Wat uit Keulen was vertrokken: vroom, met gevouwen handen, zingend en biddend, was na twee maanden uitgegroeid tot een grote troep rovers en stropers, tot zelfbewuste, voor niets terugdeinzende krijgers.

Twijfel en toenemende opstandigheid deden de rest. Misschien gingen ze wel niet naar Jeruzalem, misschien had God intussen besloten de Heilige Stad niet aan onschuldige kinderen te geven... Maar eten zouden ze! Anselmus deed niets om het gebrek aan discipline en het moreel verval tegen te gaan. Johannis bleef degene die hij al die tijd was geweest: een aardige vent die van kinderen hield en bij wie ze altijd hun beklag konden doen. Hij scheen de manier waarop ze optraden tegen de boeren, zelfs wel grappig te vinden. Nicolaas trok zich nergens iets van aan. Hij wilde alleen maar naar Jeruzalem om zijn heilige opdracht uit te voeren. Hoe, dat liet hem onverschillig. Dolf, Leonardo en Dom Thaddeus deden wat ze konden om de woeste kinderen in de hand te houden, maar zij werden uitgelachen. Niet God zorgde voor voedsel, dat hadden ze intussen wel ondervonden. Ze moesten het zelf doen - en ze deden het!

Maar het verzet bij de bevolking nam toe en begon gevaarlijk te worden. Eenmaal kwam het zelfs tot een regelrechte veldslag tussen woedende boeren en het kinderleger.

Na een dagenlange reis door het hete, uitgedroogde land bereikten ze een riviertje: de Oglio. Gillend en verdorst stortten de kinderen zich in het water, koelden hun oververhitte lijven, dronken zich een darmcatarre. Hoewel het nog vroeg in de middag was, weigerden ze verder te gaan. In de schaduw van een klein bos begonnen ze hun kampement in te richten. Dom Anselmus kon razen wat hij wilde: hier was schaduw, hier waren bomen, hier hadden ze koel, helder water. Hier wilden ze de rest van de hete dag en de hele nacht doorbrengen. Dolf, inwendig grinnikend, hielp bij het sprokkelen van hout en het verzamelen van droog gras voor de vuren. Hij dwaalde wat af en opeens richtte hij zich op en luisterde. Hij bevond zich dicht bij een alleenstaande boom. Daar klom hij in en tuurde naar de horizon, waar zich vaag in het trillende licht een kerktoren aftekende. En opeens zag hij ze aankomen, half verborgen door het lange gele gras: tientallen, misschien wel honderd boeren, gewapend met hooivorken, knotsen, messen, ijzeren stangen...

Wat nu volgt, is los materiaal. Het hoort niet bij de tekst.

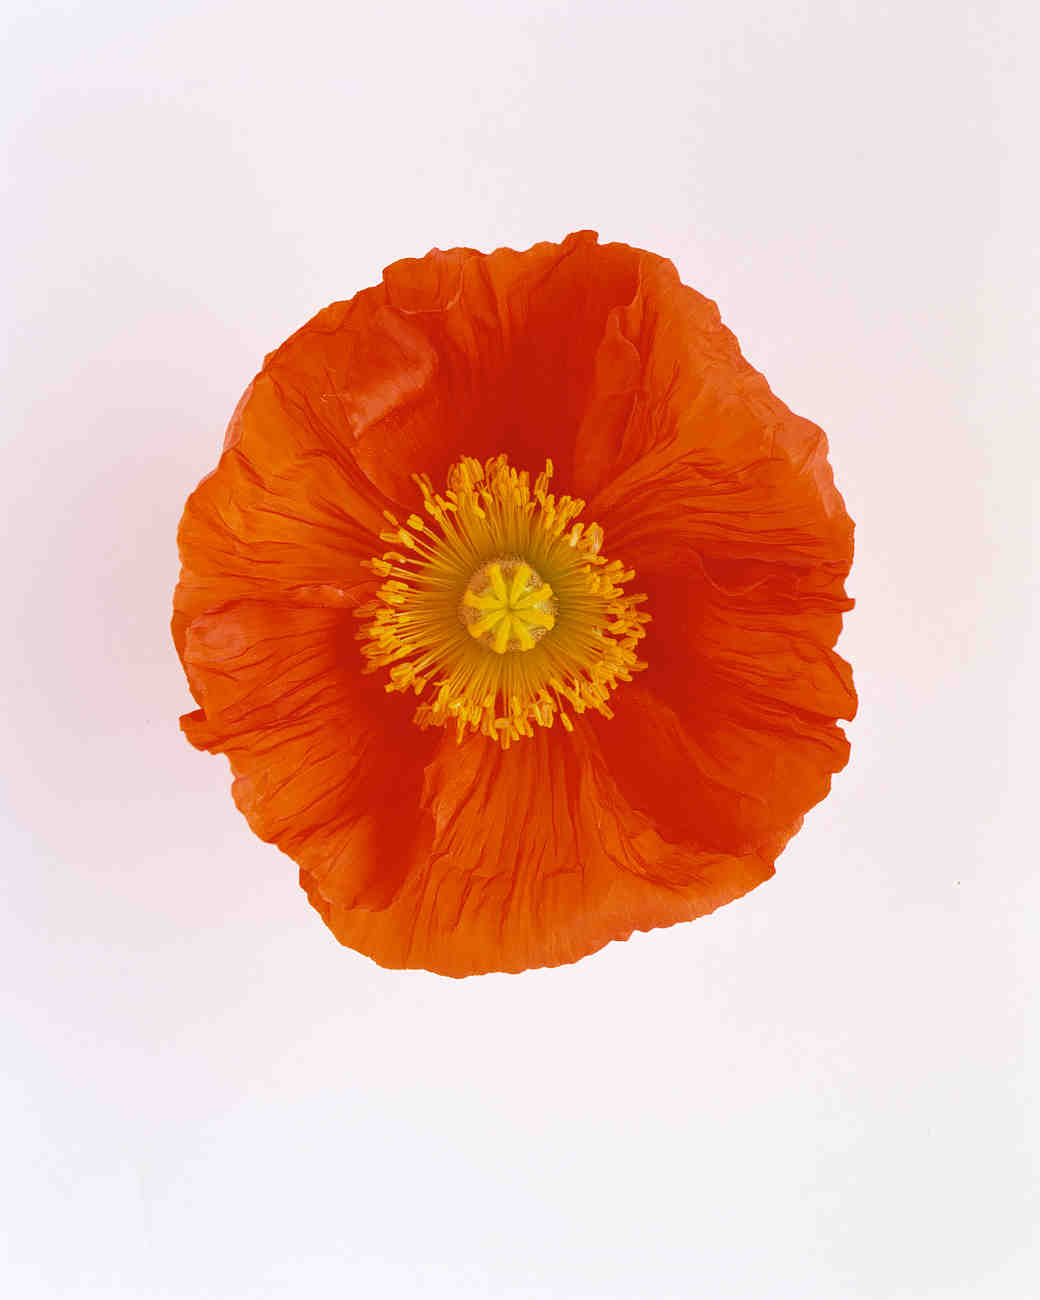 flower-glossary-poppy-happy-or-simona-red-a98432-0415.jpg

Hevig geschrokken liet Dolf zich uit de boom glijden en rende naar het kamp: ‘Te wapen! De kleintjes naar het midden! We worden aangevallen!' Hij liep tegen Frank aan.

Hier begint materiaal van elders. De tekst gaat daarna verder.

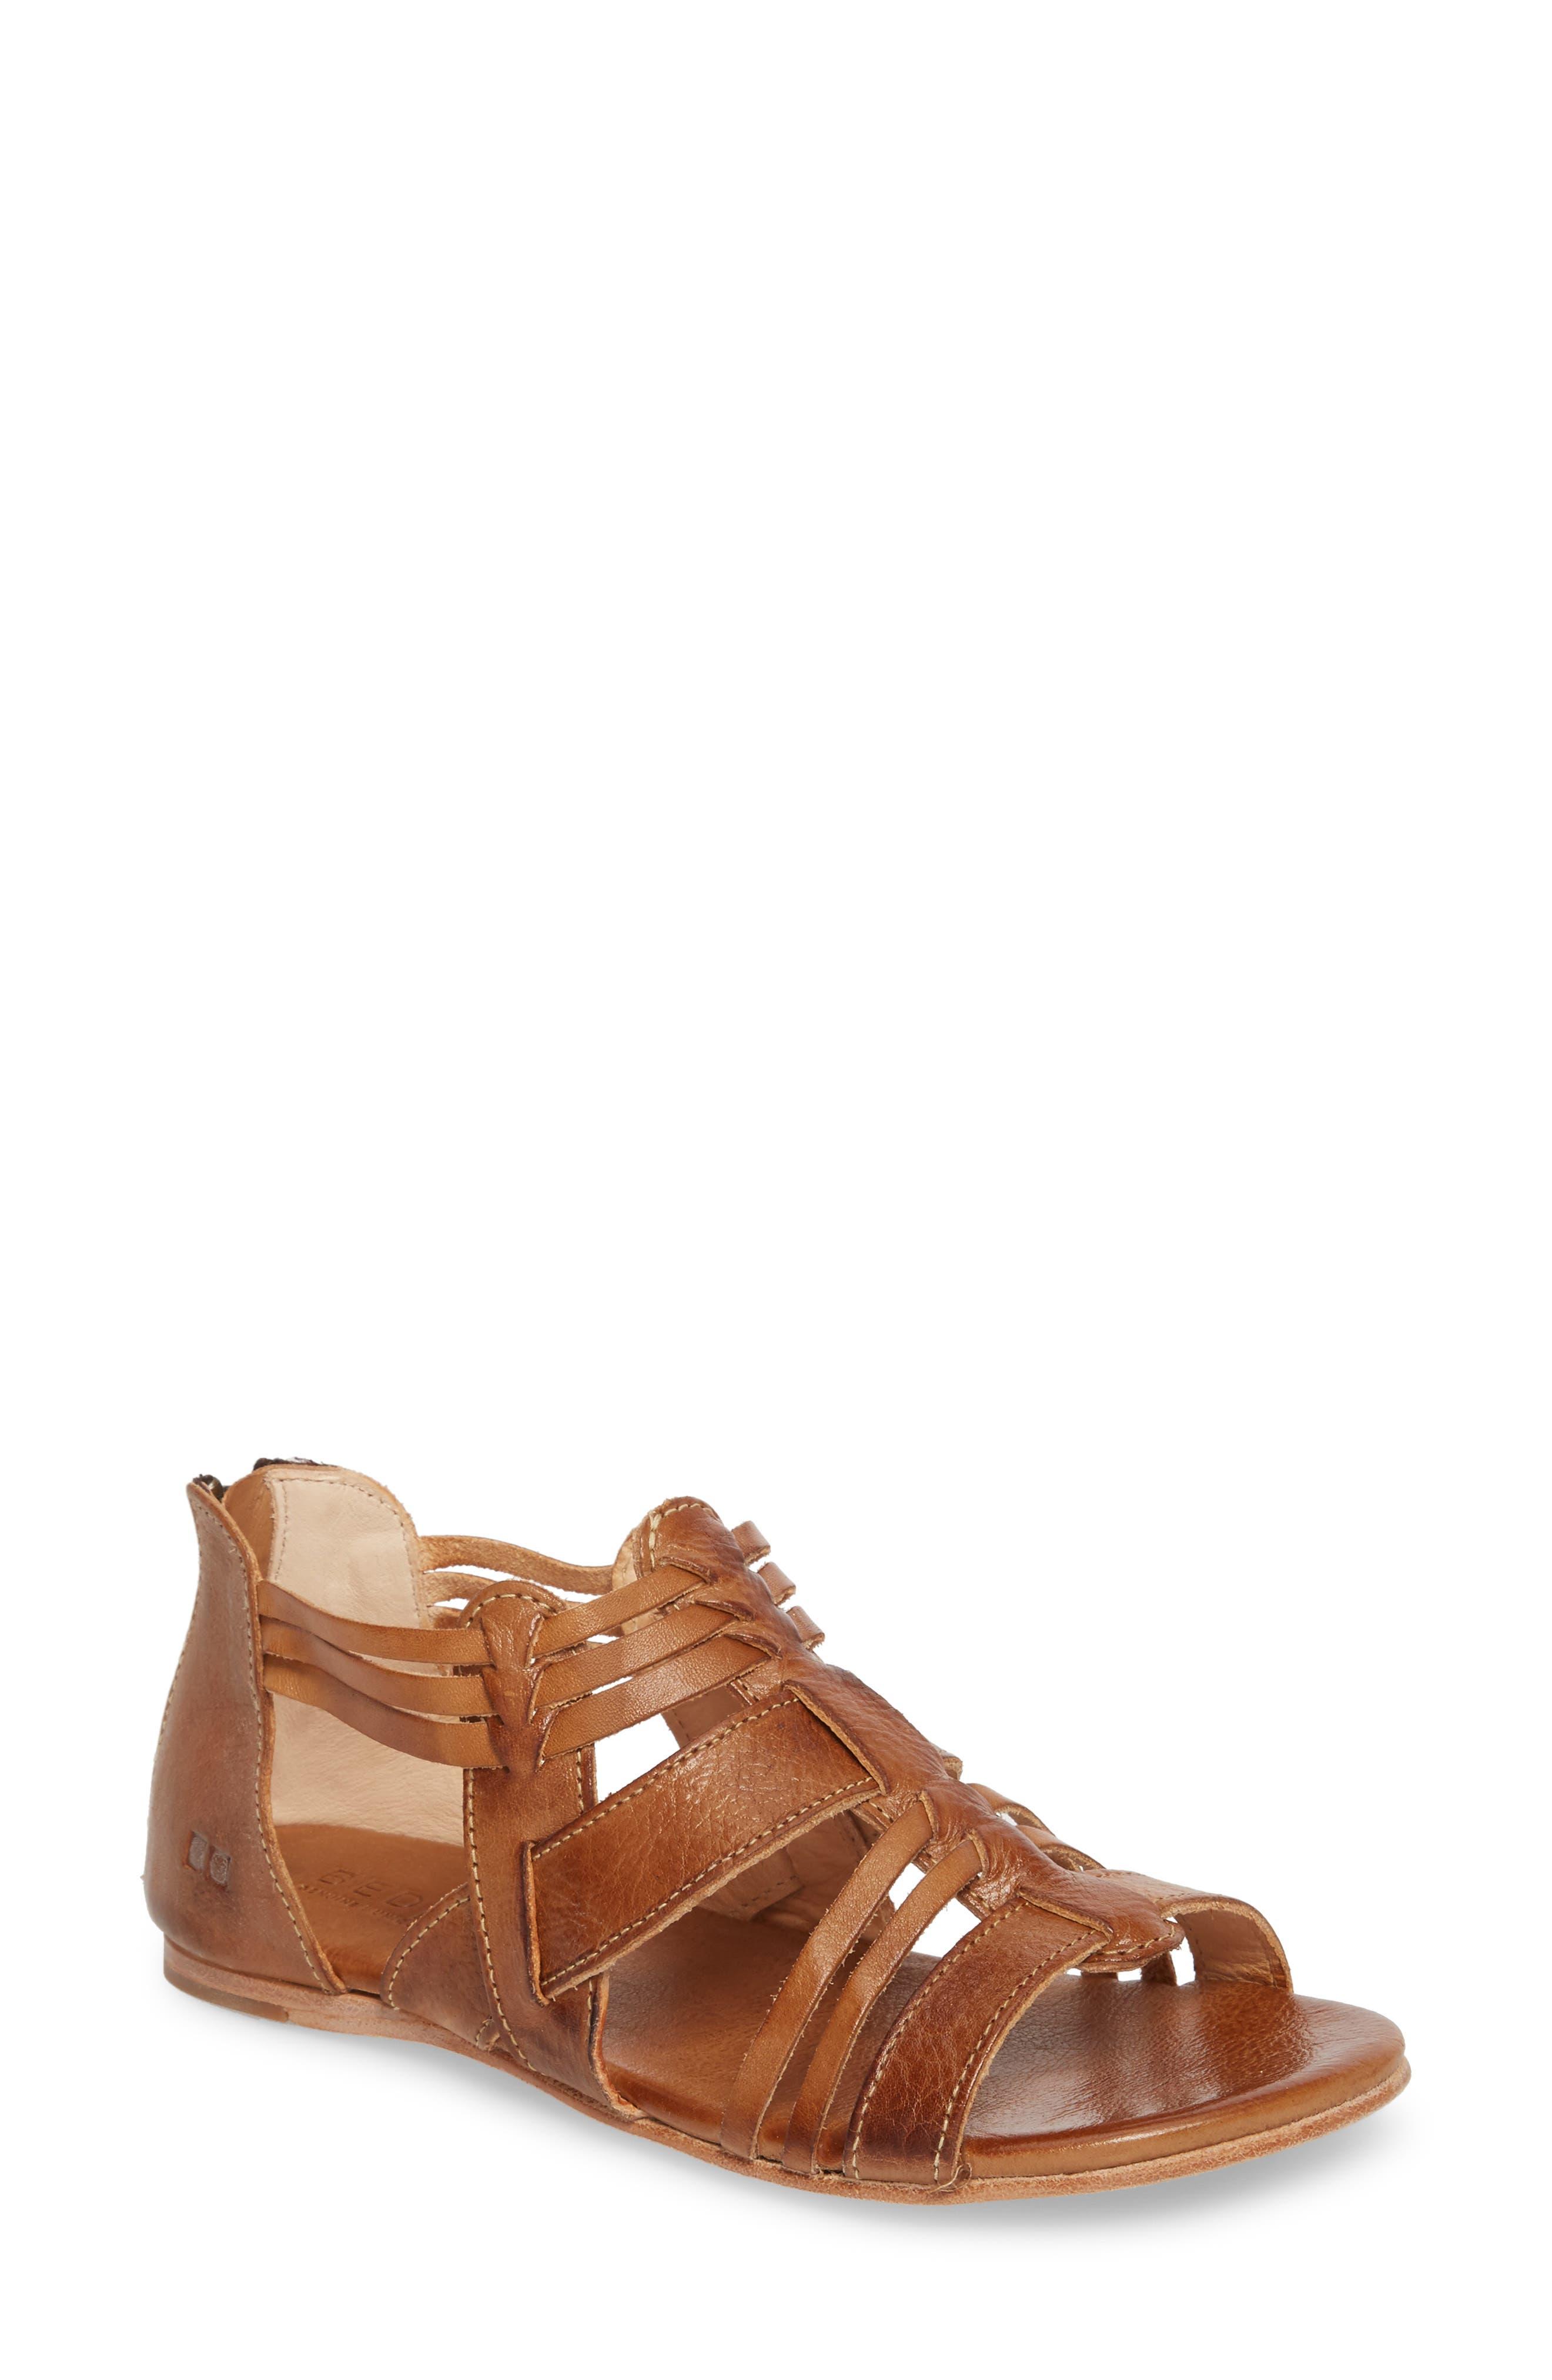 Cara Sandal,                             Main thumbnail 1, color,                             Tan Leather

‘Mijn mes, ik moet mijn mes terughebben! Roep alle ordebewakers en jagers bij elkaar... Snel! Een heel leger boeren is op weg om ons te overvallen.' Het alarm bracht het hele kamp op de been. De knokploegen renden het bos uit om de aanval op te vangen. Huilende kleintjes, verschrikte meisjes, strompelende zieken werden naar het midden van het kampement gedreven en aan het werk gezet om pijlen te snijden. De grote jongens, maar ook vele meisjes maakten zich klaar om hun leven duur te verkopen. Ze grepen wat ze maar vinden konden: bijlen, botte halfverroeste messen, knuppels en brandende takken.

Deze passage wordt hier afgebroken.